Brazil’s former President Luiz Inacio Lula da Silva turned himself in to federal police on Saturday, after supporters tried to prevent him from handing himself over to the authorities.
After supporters blocked his vehicle, Lula left the headquarters of the Metalworkers’ Union in this city in Sao Paulo state on foot, reports Xinhua.
The embattled former head of state had spent the last two nights in the building, where he began his political career as a union leader.
Lula, who insists he is innocent of wrongdoing, denied that he was trying to evade justice by ignoring a judge’s order to surrender to federal police, after his lawyers lost their latest appeal against their client’s 12-year sentence for alleged corruption.
The two-time president was accompanied by leaders of his left-leaning Workers’ Party and his successor and protégé Dilma Rousseff, who was impeached in 2016, as well as several leftist presidential candidates running in October elections.

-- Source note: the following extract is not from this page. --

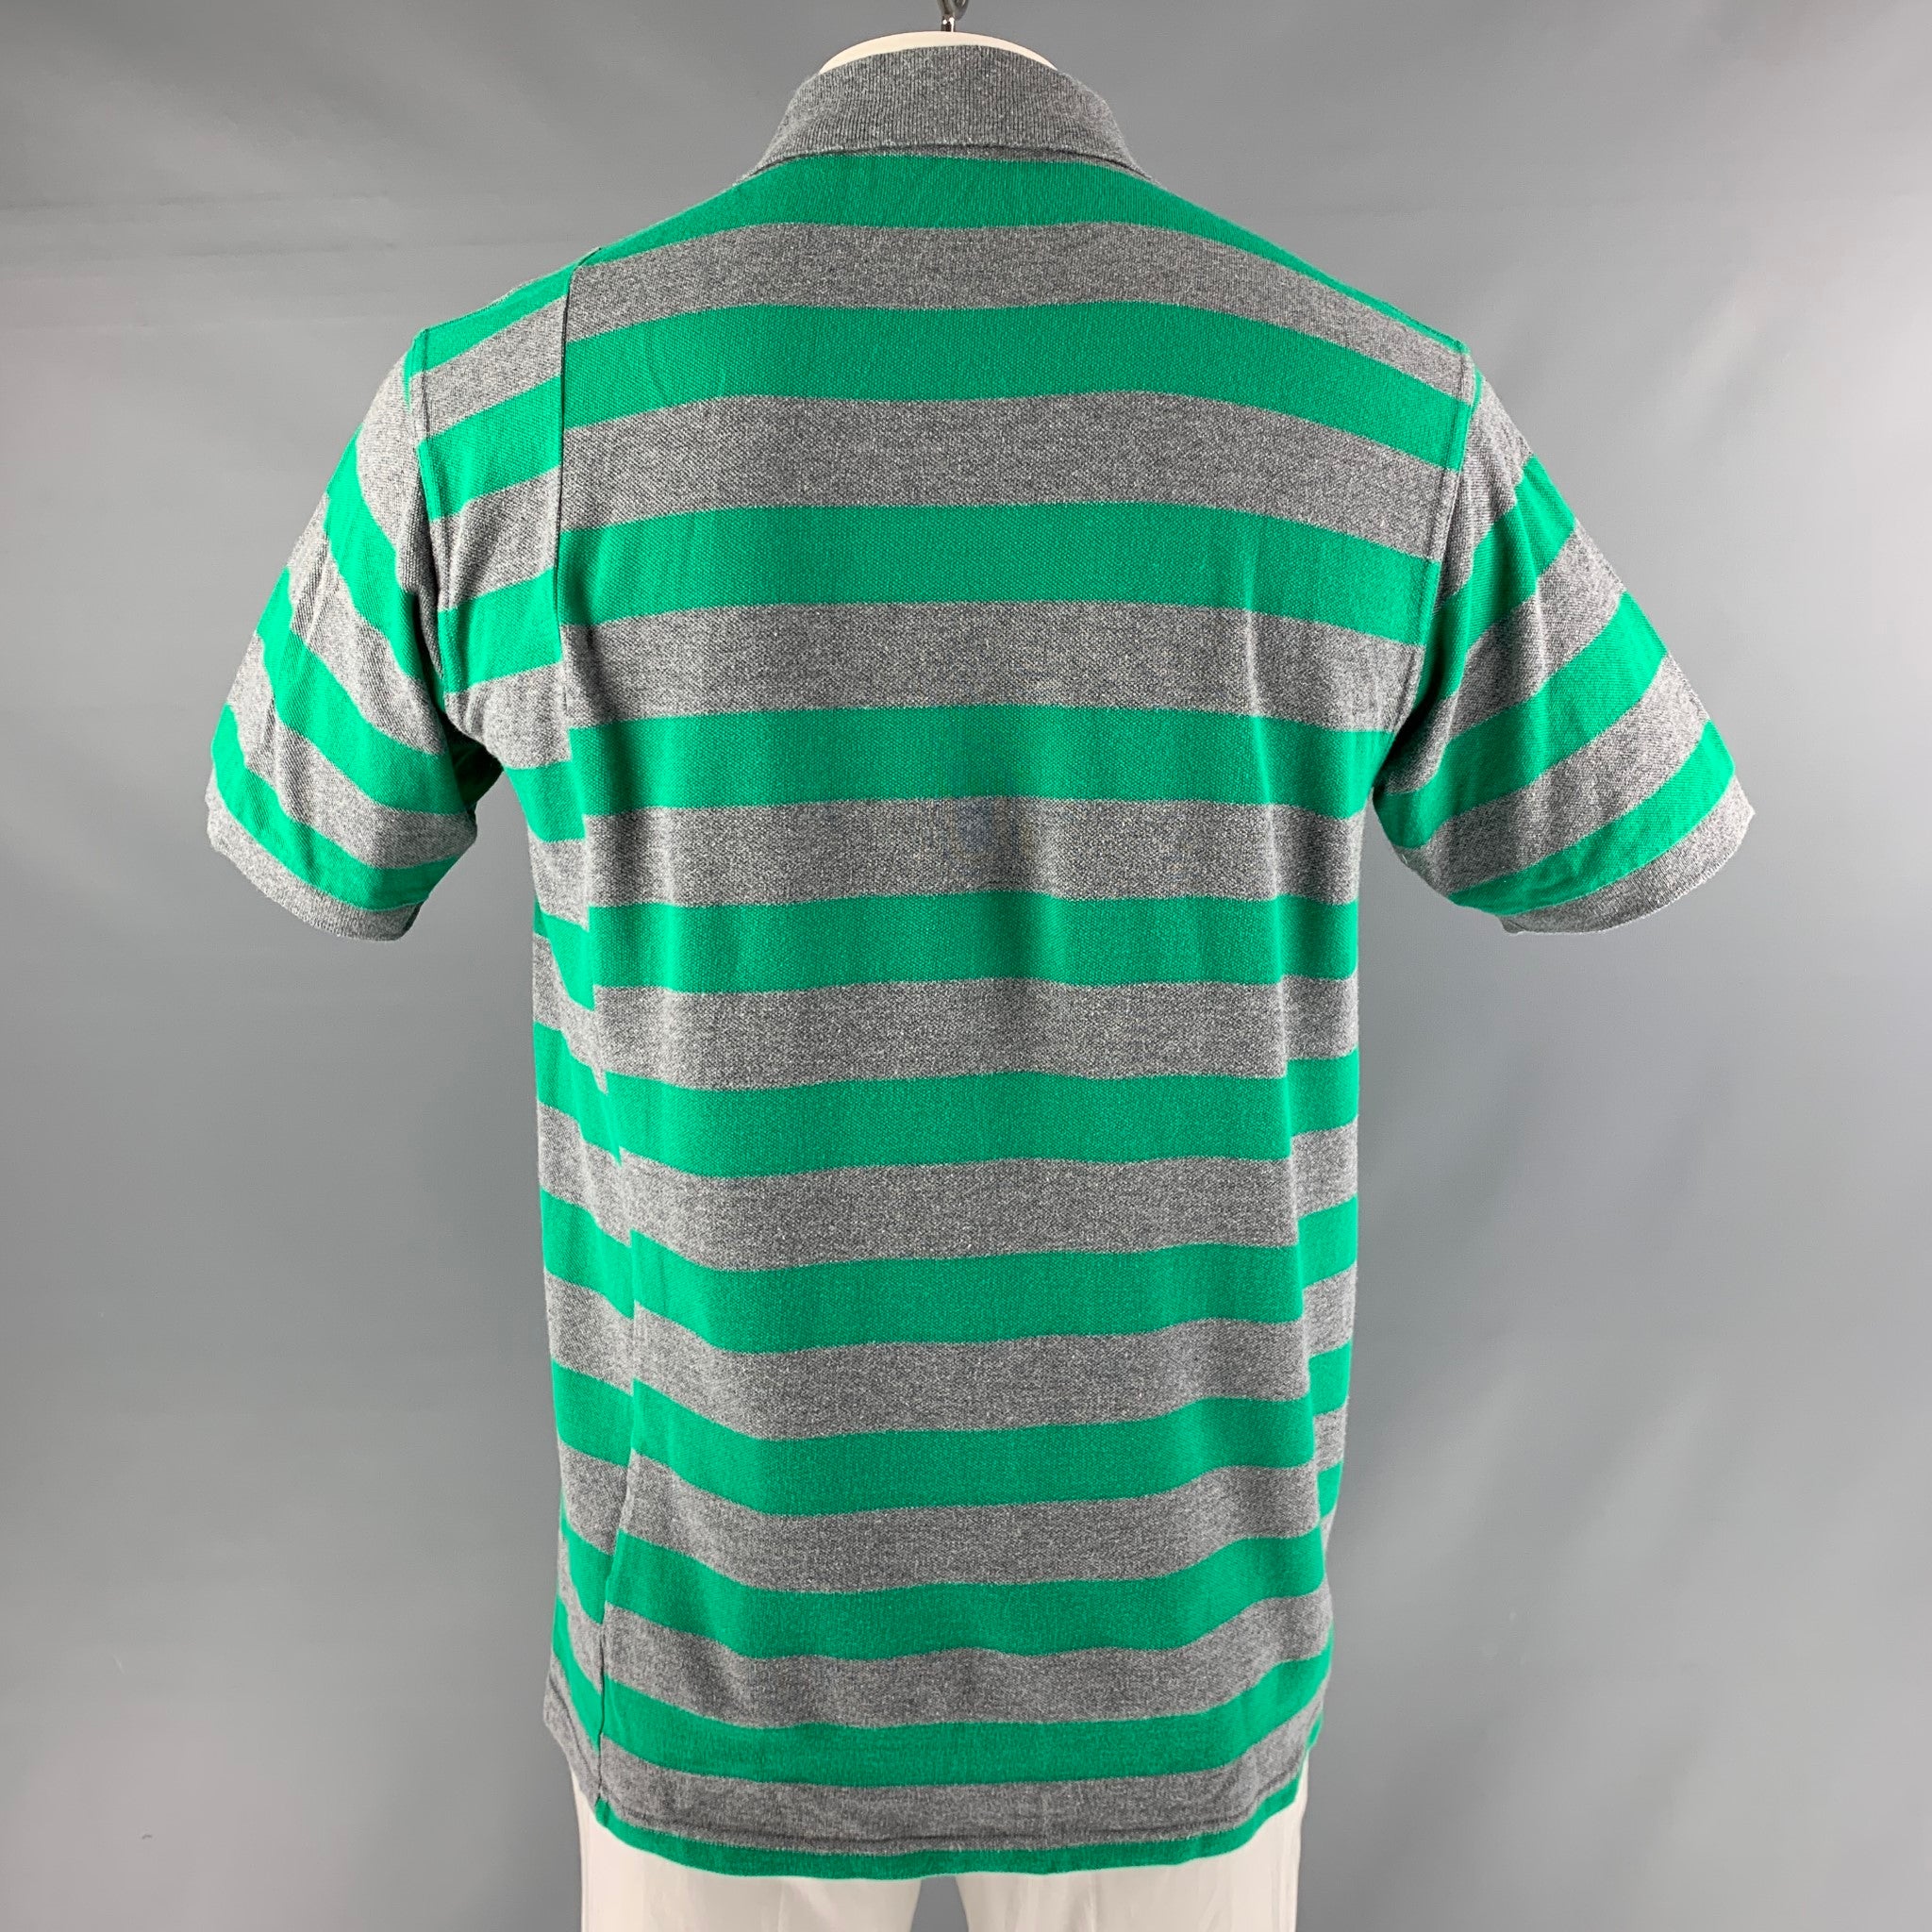 FRED PERRY x COMME des GARCONS SHIRT Size L Green Grey Stripe Cotton  Buttoned Polo

Lula’s hopes of running for re-election were dashed this week with the decision that he must begin serving his sentence, despite pending appeals.
He has maintained the charges that he accepted the gift of a luxury apartment from construction giant Odebrecht (now called OAS S.A) in return for government building contracts were politically motivated to prevent Brazil’s leading progressive candidate from taking part in the electoral process.